Community pharmacies in England could receive up to £1,800 in incentives to run a service that checks patients for hypertension from October 2021, following the latest round of pharmacy contract negotiations.
The negotations also secured a deal with Health Education England to provide independent prescribing training for community pharmacists.
On 23 August 2021, the Pharmaceutical Services Negotiating Committee (PSNC) announced that it had struck a deal with the Department of Health and Social Care (DHSC) and NHS England and NHS Improvement (NHSE&I) on funding and service provision for the third year of the five-year ‘Community pharmacy contractual framework’.
The five-year contract, which was first announced in July 2019, froze pharmacy funding at £2.592bn per year until 2023/2024.
However, the PSNC said the incentives to run a hypertension case-finding advanced service will come from outside the core funding to help cover the cost of ambulatory blood pressure machines.
The PSNC told The Pharmaceutical Journal that the incentive fees will be paid to community pharmacies based on meeting certain thresholds of activity, with £1,000 paid after providing five ambulatory blood pressure monitoring (ABPM) interventions in 2021/2022.
Some £400 will be paid in 2022/2023 for pharmacies providing 15 ABPM interventions and a further £400 will be paid to pharmacies that provide 20 ABPM interventions in 2023/2024.
As part of the service, which was piloted in pharmacies between 1 November 2020 and 31 July 2021, pharmacists offer ABPM interventions if initial blood pressure readings reveal that a patient has high blood pressure between 135/85mmHg and 180/120mmHg.
The hypertension case-finding advanced service is one of several new services rolling out to community pharmacies.
From September 2021, pharmacies will be able to provide the new medicines service for additional therapeutic areas, including osteoporosis, gout, heart failure, glaucoma and Parkinson’s disease.

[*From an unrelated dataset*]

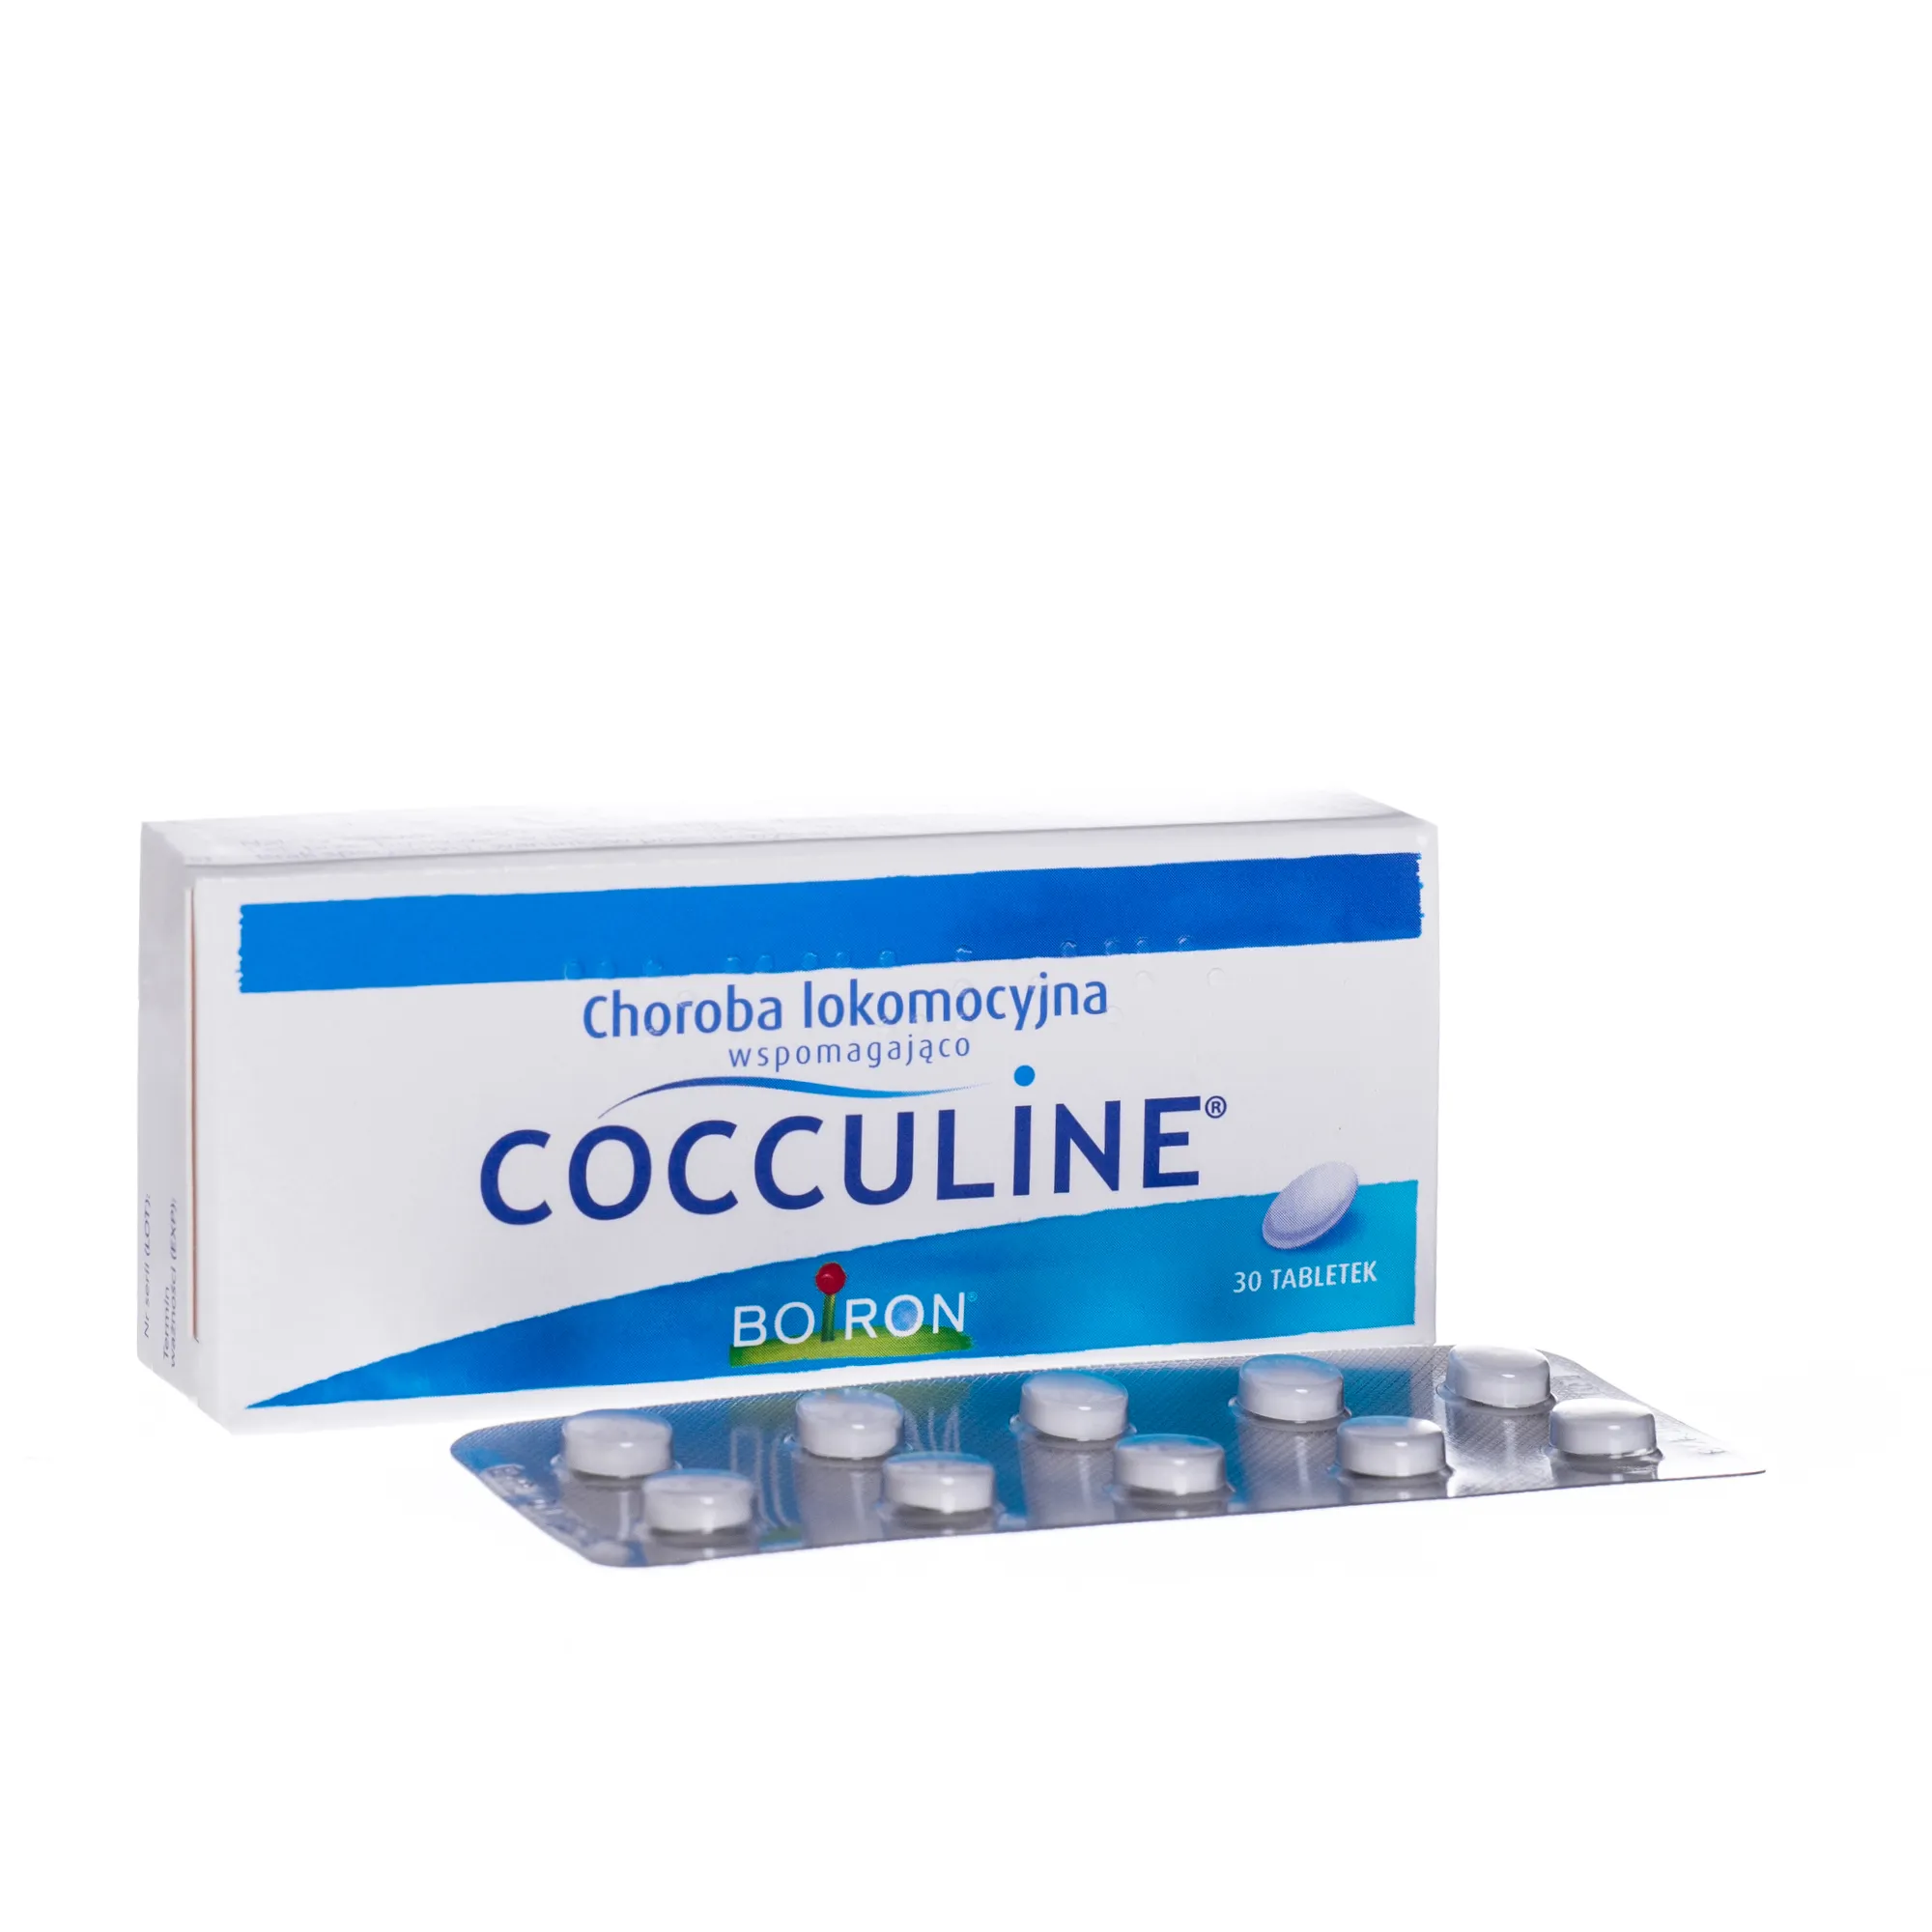 Cocculine, lek przeciw chorobie lokomocyjnej, 30 tabletek

And from January 2022, pharmacies will also be able to provide a smoking cessation advanced service, following a pilot that began in November 2020.
The PSNC added that it was also in talks over the “ongoing extension” of the Community Pharmacist Consultation Service (CPCS), particularly on referrals from urgent treatment centres and A&E.
Simon Dukes, chief executive officer of the PSNC, said these referral pathways would be piloted “very soon”.
He added that there were also talks around “seeing what we can do collectively to make the CPCS more effective, particularly in getting referrals from general practice, where, I think we can all accept, numbers have been disappointing”.
In a statement, the PSNC said it had submitted a bid for an increase to the core contract funding but added that there was a “flat rejection” of this from the Treasury.
However, the PSNC said it did negotiate an extension of transitional payments for a further year “so that these critical monies are not lost to contractors”. The transitional payments, which were introduced when the current contract was first negotiated, had been scheduled to end in 2020/2021.
Dukes said: “After a year like no other, contractors should feel aggrieved that HM Treasury flatly rejected any possibility of an increase in the contract sum for this year.
“Throughout the COVID-19 pandemic, community pharmacy has performed magnificently — for patients, the NHS and the country. Not to have that reflected in anything other than warm words is frustrating and supremely disappointing.”
He added that the frozen funding “at £2.592bn for a further year will bring financial tensions as we move through the autumn and the COVID-19 advance repayments start to bite”.
“We continue to press for recognition of the financial pressures that community pharmacy is under and, as the pandemic slowly recedes, underline to government how much worse things could be right now, were it not for the performance of our sector.”
What has been agreed on training and education?
The Pharmaceutical Services Negotiating Committee (PSNC) said in a statement that the contractual agreement for year threeof the five-year ‘Community pharmacy contractual framework’ included commissioning Health Education England (HEE) “to provide a three-year programme of education and training for community pharmacy professionals, including independent prescribing training for existing pharmacists”.
This comes after Keith Ridge, chief pharmaceutical officer for England, told attendees of the NHS Confederation Conference that NHS England was “identifying funding” to provide community pharmacists with independent prescriber training.
In addition, from 2022/2023, HEE will support the management of training places in community pharmacy and take on the responsibility for administration of payments to community pharmacy contractors for trainee pharmacists.
The PSNC said it “is seeking greater clarity on the proposed changes and is continuing to work with the community pharmacy trade bodies, who lead the sector’s work on workforce matters”.